Items listed in a dataset
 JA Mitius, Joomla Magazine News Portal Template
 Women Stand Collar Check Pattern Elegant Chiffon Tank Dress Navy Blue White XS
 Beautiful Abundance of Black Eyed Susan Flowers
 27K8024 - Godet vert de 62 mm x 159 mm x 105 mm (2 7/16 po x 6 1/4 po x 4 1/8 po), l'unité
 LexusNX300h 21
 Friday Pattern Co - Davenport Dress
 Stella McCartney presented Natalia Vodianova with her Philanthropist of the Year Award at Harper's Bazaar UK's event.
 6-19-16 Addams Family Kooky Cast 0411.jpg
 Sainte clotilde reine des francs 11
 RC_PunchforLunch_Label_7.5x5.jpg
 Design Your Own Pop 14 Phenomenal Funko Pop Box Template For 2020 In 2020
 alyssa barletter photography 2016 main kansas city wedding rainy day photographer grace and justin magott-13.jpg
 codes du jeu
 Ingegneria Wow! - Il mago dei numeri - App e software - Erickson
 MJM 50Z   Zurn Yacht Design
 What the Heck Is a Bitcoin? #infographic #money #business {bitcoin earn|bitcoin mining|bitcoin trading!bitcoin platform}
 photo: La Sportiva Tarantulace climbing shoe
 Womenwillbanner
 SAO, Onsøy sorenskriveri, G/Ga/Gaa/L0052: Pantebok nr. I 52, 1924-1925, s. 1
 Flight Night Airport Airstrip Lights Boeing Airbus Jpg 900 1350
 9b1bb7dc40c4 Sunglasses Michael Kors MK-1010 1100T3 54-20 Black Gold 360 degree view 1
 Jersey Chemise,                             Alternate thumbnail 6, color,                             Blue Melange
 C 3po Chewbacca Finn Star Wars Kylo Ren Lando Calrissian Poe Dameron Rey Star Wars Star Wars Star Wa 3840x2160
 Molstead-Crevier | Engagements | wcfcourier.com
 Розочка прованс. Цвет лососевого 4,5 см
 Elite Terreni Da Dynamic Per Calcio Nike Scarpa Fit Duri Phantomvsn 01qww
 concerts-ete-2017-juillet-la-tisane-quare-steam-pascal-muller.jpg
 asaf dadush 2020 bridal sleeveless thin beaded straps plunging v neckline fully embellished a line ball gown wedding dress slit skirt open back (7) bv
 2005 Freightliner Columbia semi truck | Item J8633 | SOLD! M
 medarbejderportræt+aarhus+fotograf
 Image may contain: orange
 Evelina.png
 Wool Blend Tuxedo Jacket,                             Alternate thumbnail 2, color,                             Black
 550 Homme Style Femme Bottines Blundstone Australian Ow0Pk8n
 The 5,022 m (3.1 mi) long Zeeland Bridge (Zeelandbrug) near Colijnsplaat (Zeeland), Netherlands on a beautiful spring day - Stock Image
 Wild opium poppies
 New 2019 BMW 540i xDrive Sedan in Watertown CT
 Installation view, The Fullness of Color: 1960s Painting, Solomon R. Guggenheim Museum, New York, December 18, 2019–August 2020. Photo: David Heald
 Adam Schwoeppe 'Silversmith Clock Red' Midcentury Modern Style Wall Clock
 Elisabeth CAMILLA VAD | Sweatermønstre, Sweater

WORK TO COMPLETE:
Give the records back in full, word for word.

FINISHED EXERCISE:
 JA Mitius, Joomla Magazine News Portal Template
 Women Stand Collar Check Pattern Elegant Chiffon Tank Dress Navy Blue White XS
 Beautiful Abundance of Black Eyed Susan Flowers
 27K8024 - Godet vert de 62 mm x 159 mm x 105 mm (2 7/16 po x 6 1/4 po x 4 1/8 po), l'unité
 LexusNX300h 21
 Friday Pattern Co - Davenport Dress
 Stella McCartney presented Natalia Vodianova with her Philanthropist of the Year Award at Harper's Bazaar UK's event.
 6-19-16 Addams Family Kooky Cast 0411.jpg
 Sainte clotilde reine des francs 11
 RC_PunchforLunch_Label_7.5x5.jpg
 Design Your Own Pop 14 Phenomenal Funko Pop Box Template For 2020 In 2020
 alyssa barletter photography 2016 main kansas city wedding rainy day photographer grace and justin magott-13.jpg
 codes du jeu
 Ingegneria Wow! - Il mago dei numeri - App e software - Erickson
 MJM 50Z   Zurn Yacht Design
 What the Heck Is a Bitcoin? #infographic #money #business {bitcoin earn|bitcoin mining|bitcoin trading!bitcoin platform}
 photo: La Sportiva Tarantulace climbing shoe
 Womenwillbanner
 SAO, Onsøy sorenskriveri, G/Ga/Gaa/L0052: Pantebok nr. I 52, 1924-1925, s. 1
 Flight Night Airport Airstrip Lights Boeing Airbus Jpg 900 1350
 9b1bb7dc40c4 Sunglasses Michael Kors MK-1010 1100T3 54-20 Black Gold 360 degree view 1
 Jersey Chemise,                             Alternate thumbnail 6, color,                             Blue Melange
 C 3po Chewbacca Finn Star Wars Kylo Ren Lando Calrissian Poe Dameron Rey Star Wars Star Wars Star Wa 3840x2160
 Molstead-Crevier | Engagements | wcfcourier.com
 Розочка прованс. Цвет лососевого 4,5 см
 Elite Terreni Da Dynamic Per Calcio Nike Scarpa Fit Duri Phantomvsn 01qww
 concerts-ete-2017-juillet-la-tisane-quare-steam-pascal-muller.jpg
 asaf dadush 2020 bridal sleeveless thin beaded straps plunging v neckline fully embellished a line ball gown wedding dress slit skirt open back (7) bv
 2005 Freightliner Columbia semi truck | Item J8633 | SOLD! M
 medarbejderportræt+aarhus+fotograf
 Image may contain: orange
 Evelina.png
 Wool Blend Tuxedo Jacket,                             Alternate thumbnail 2, color,                             Black
 550 Homme Style Femme Bottines Blundstone Australian Ow0Pk8n
 The 5,022 m (3.1 mi) long Zeeland Bridge (Zeelandbrug) near Colijnsplaat (Zeeland), Netherlands on a beautiful spring day - Stock Image
 Wild opium poppies
 New 2019 BMW 540i xDrive Sedan in Watertown CT
 Installation view, The Fullness of Color: 1960s Painting, Solomon R. Guggenheim Museum, New York, December 18, 2019–August 2020. Photo: David Heald
 Adam Schwoeppe 'Silversmith Clock Red' Midcentury Modern Style Wall Clock
 Elisabeth CAMILLA VAD | Sweatermønstre, Sweater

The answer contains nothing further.